▶ [ASSIGNMENT]:
When you transcribe the listing, keep each line exact and drop the pictures.

▶ [DATA EXTRACT]:
◆ ◆ ◆

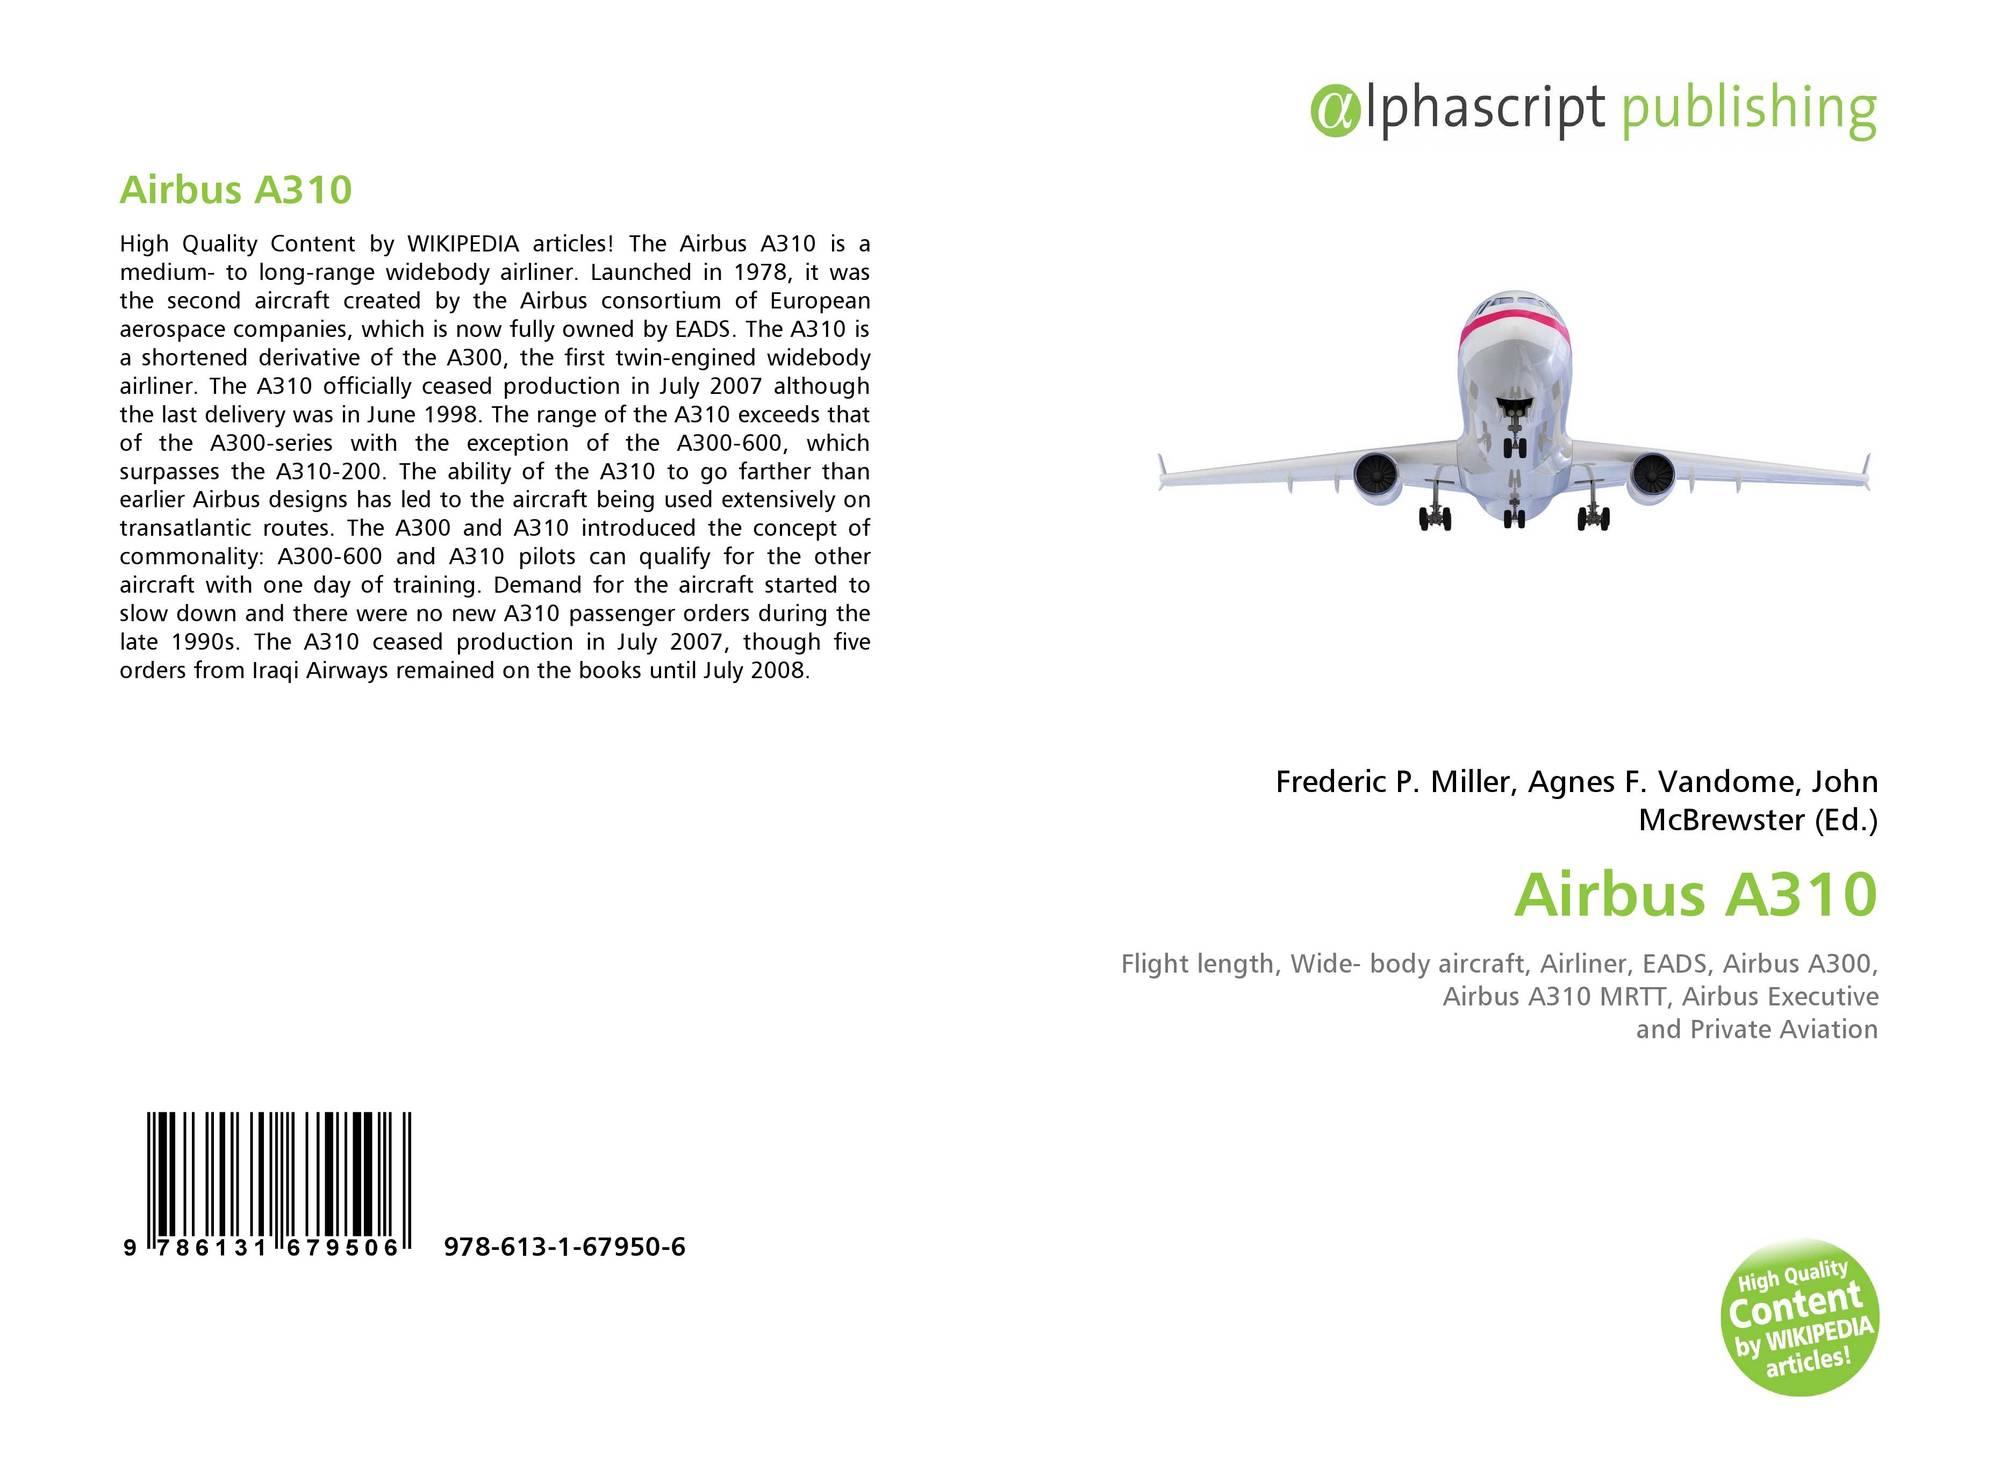 Airbus A310, 978-613-1-67950-6, 6131679509 ,9786131679506
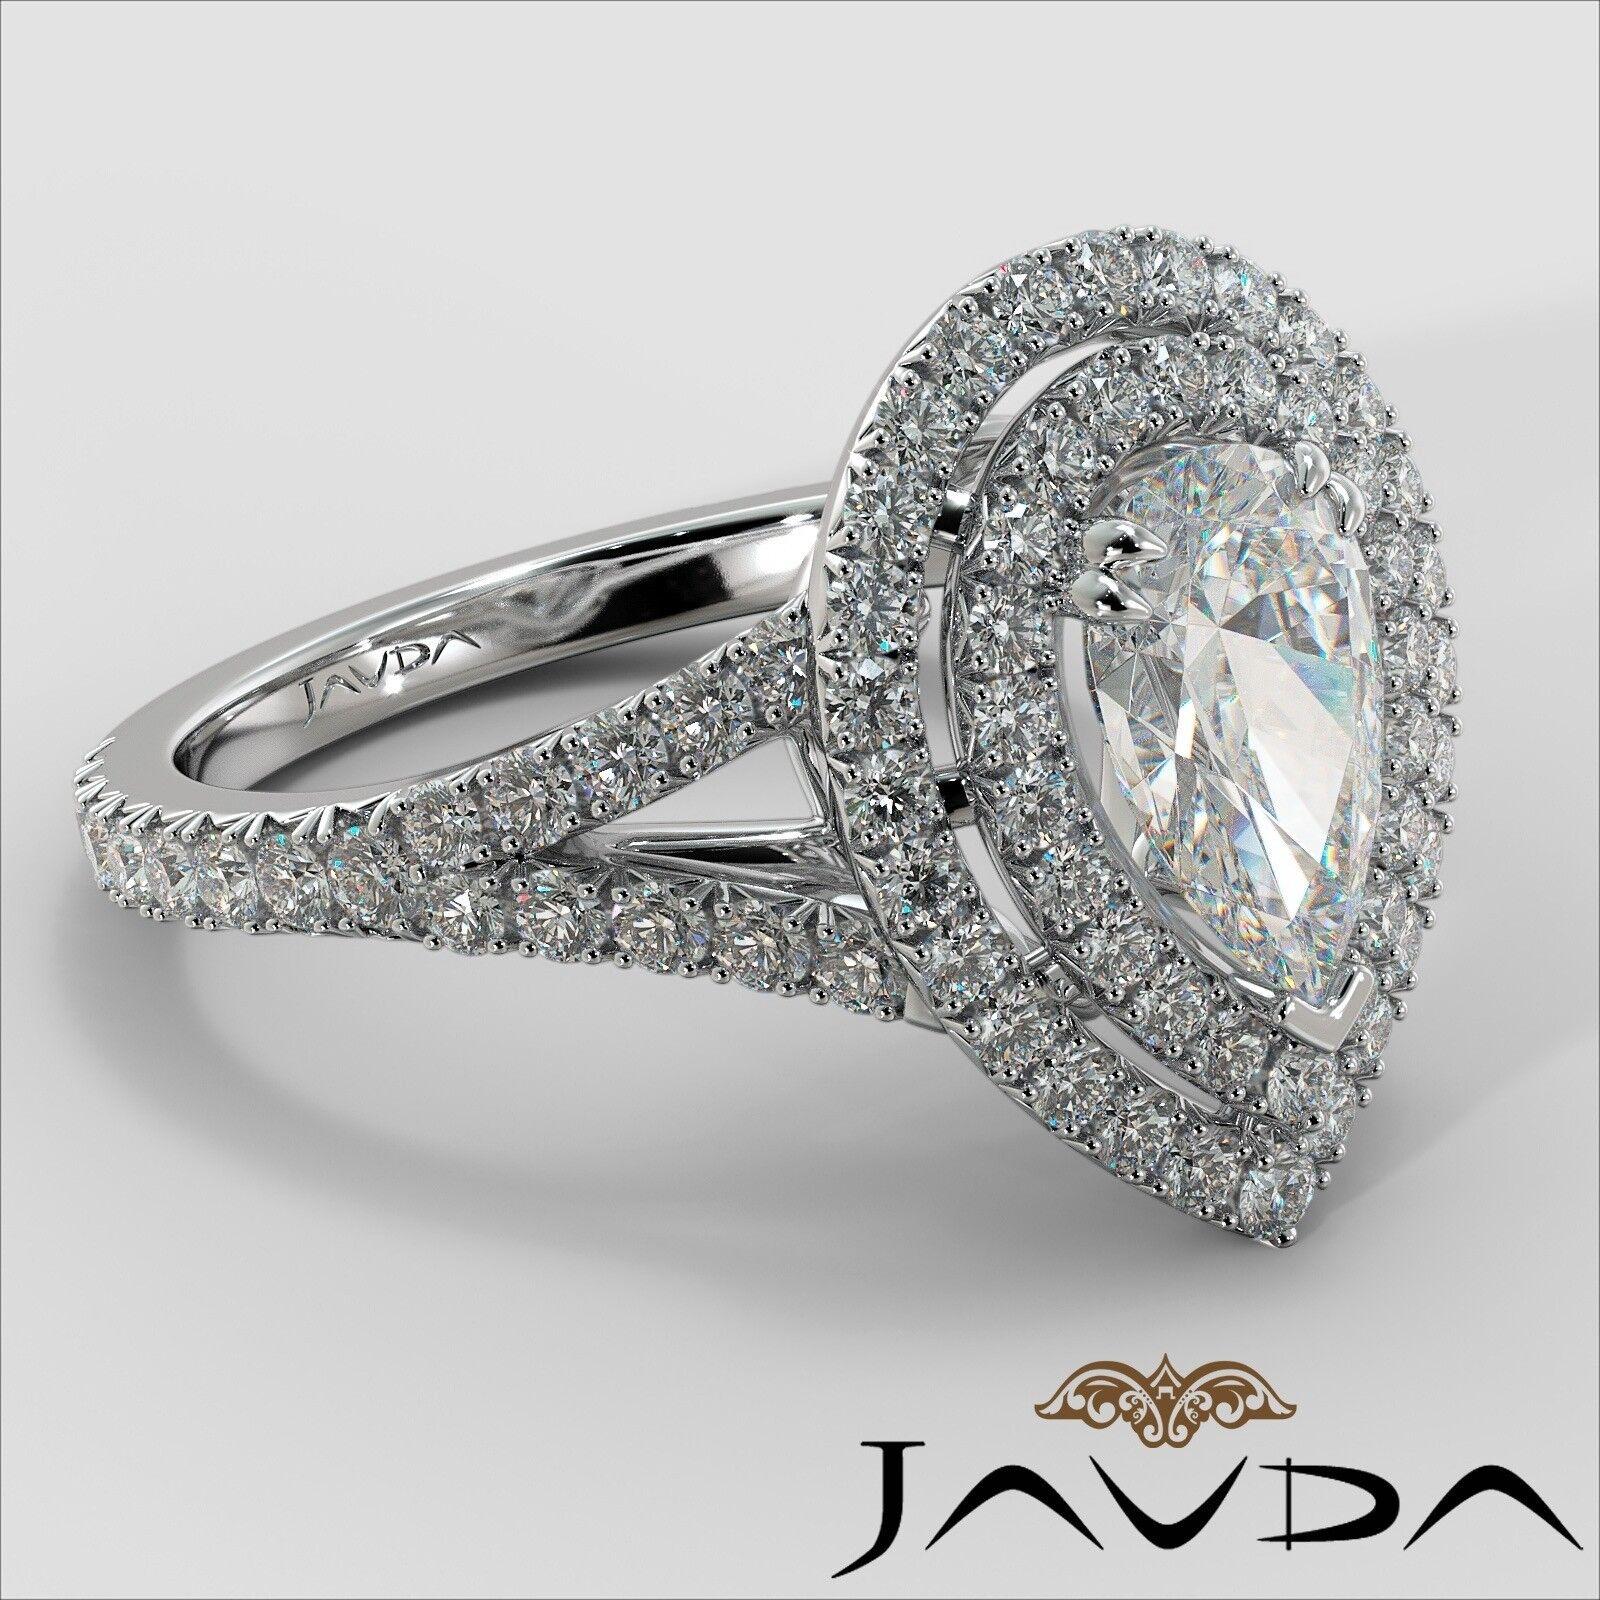 2.12ct Double Halo Split Shank Pear Diamond Engagement Ring GIA E-SI1 White Gold 2
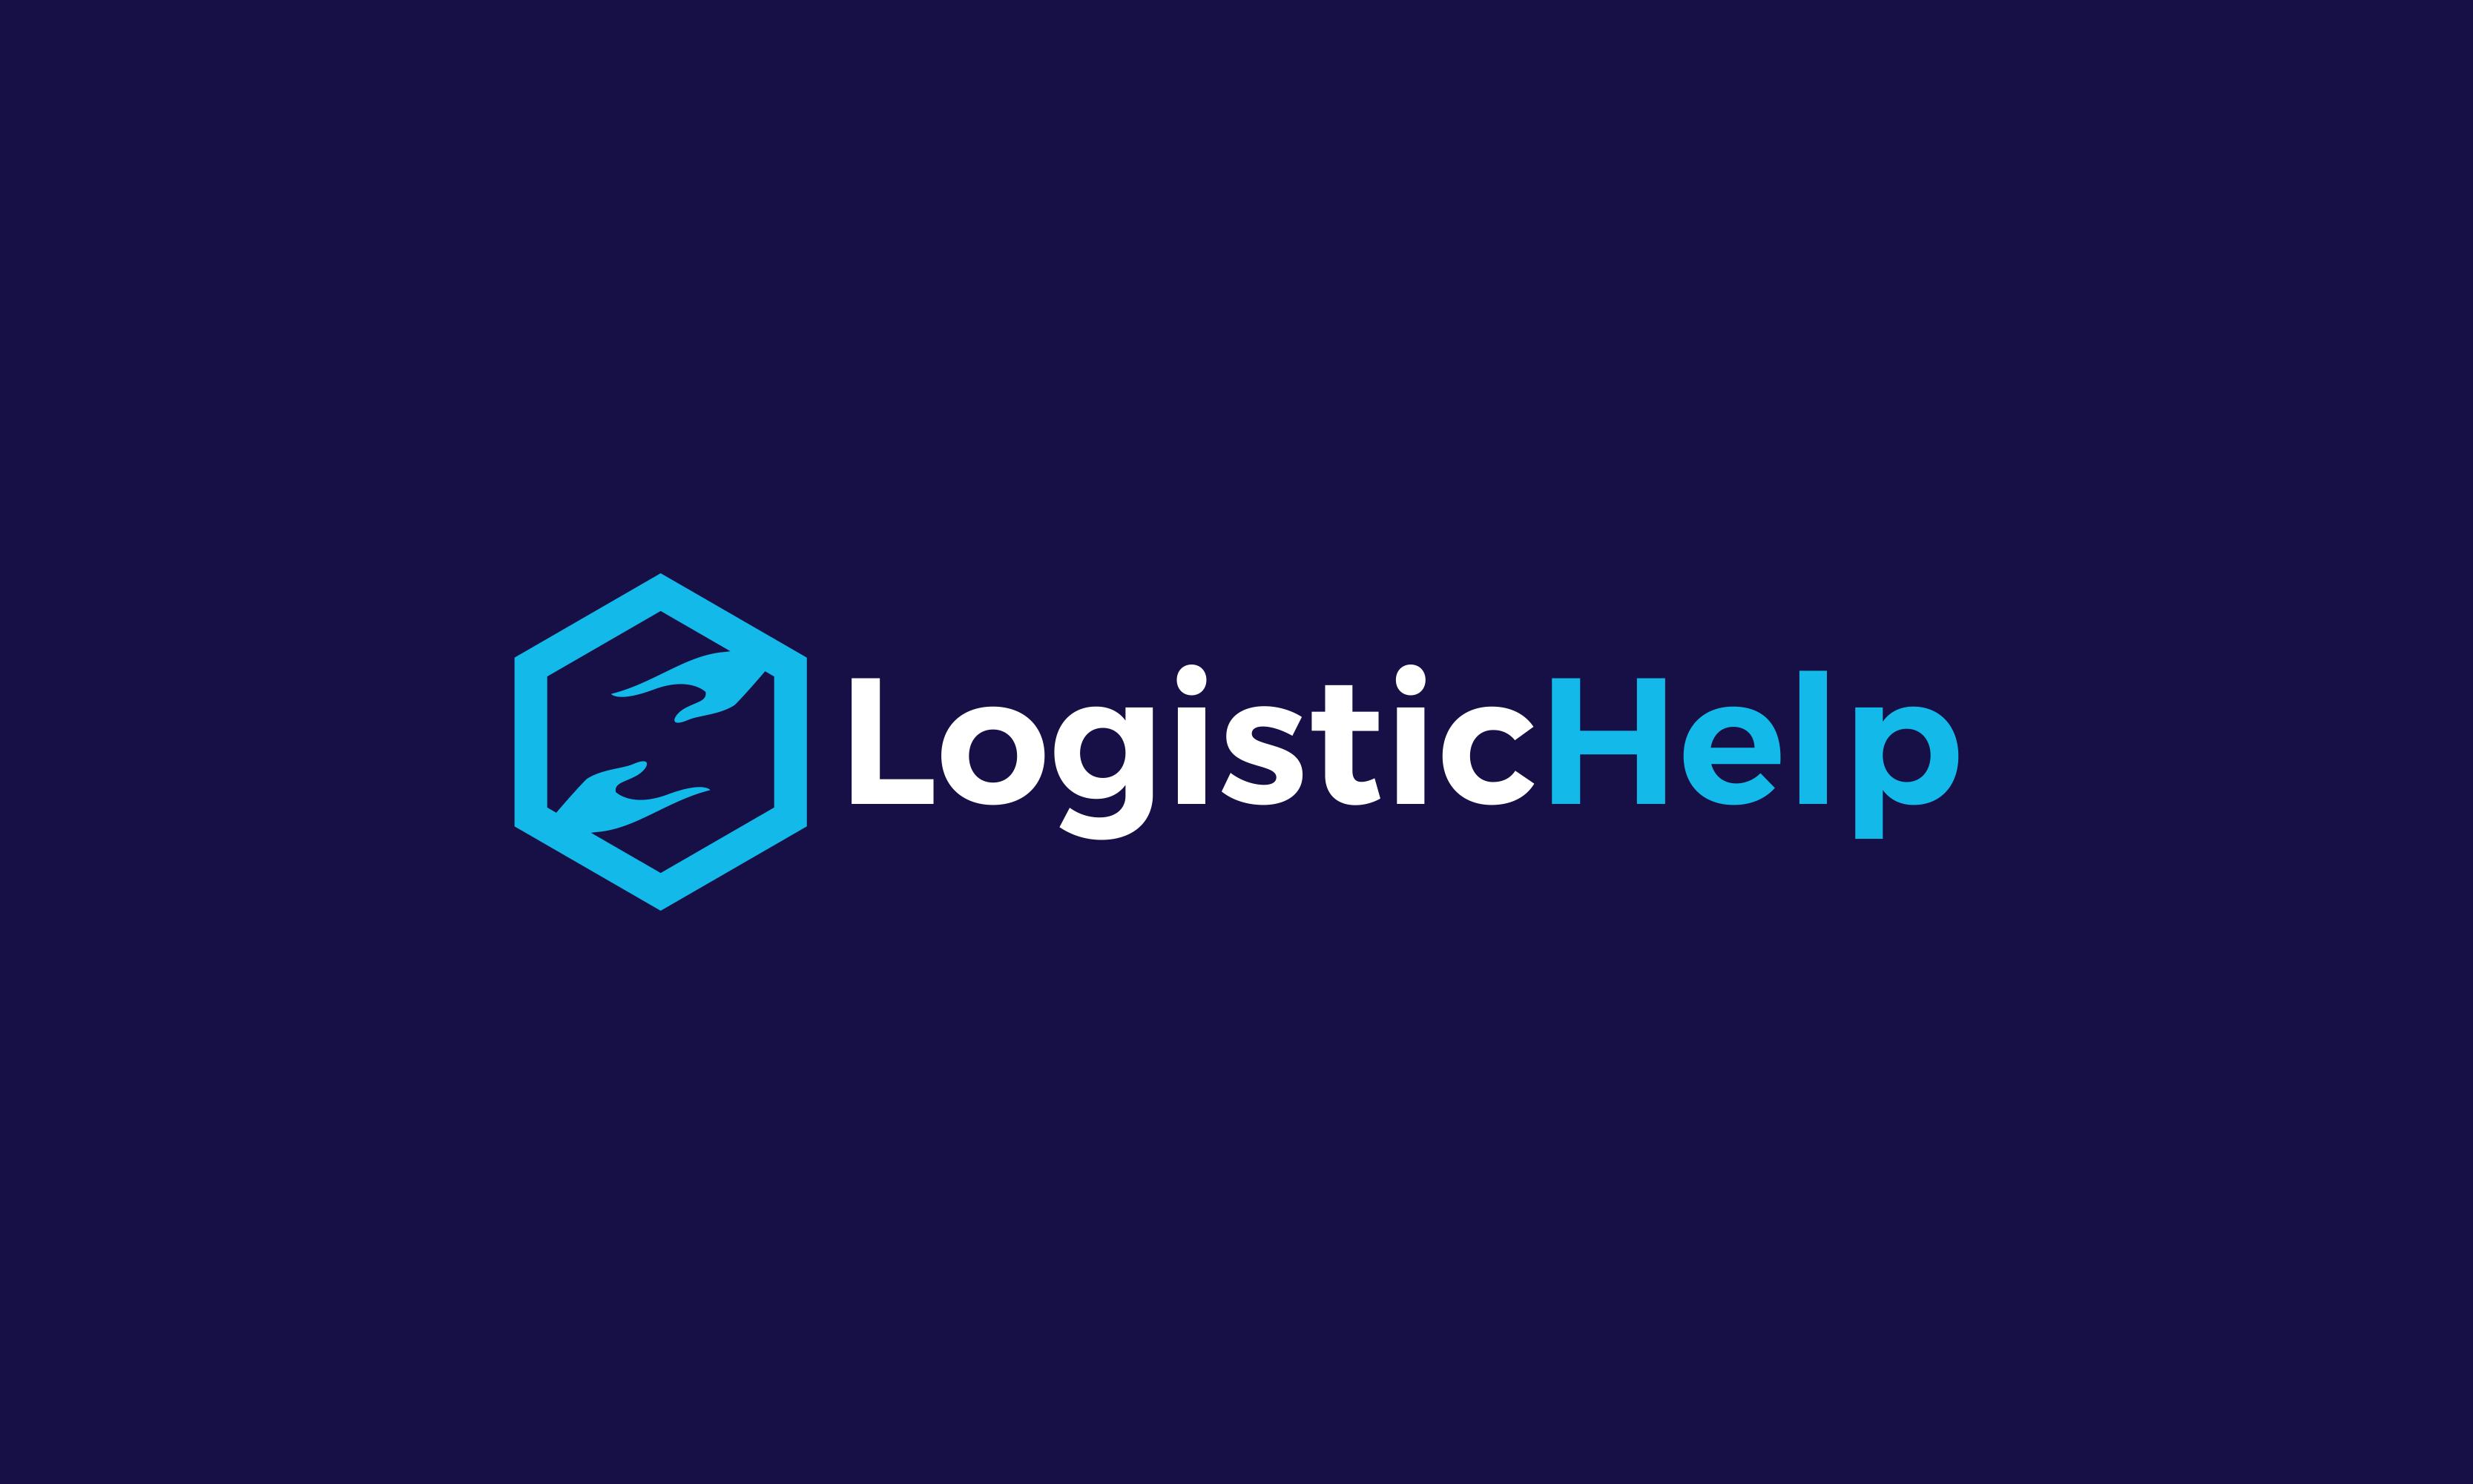 Logistichelp

◆ ◆ ◆

▶ [OUTPUT FOR THIS EXERCISE]:
 Airbus A310, 978-613-1-67950-6, 6131679509 ,9786131679506
 2.12ct Double Halo Split Shank Pear Diamond Engagement Ring GIA E-SI1 White Gold 2
 Logistichelp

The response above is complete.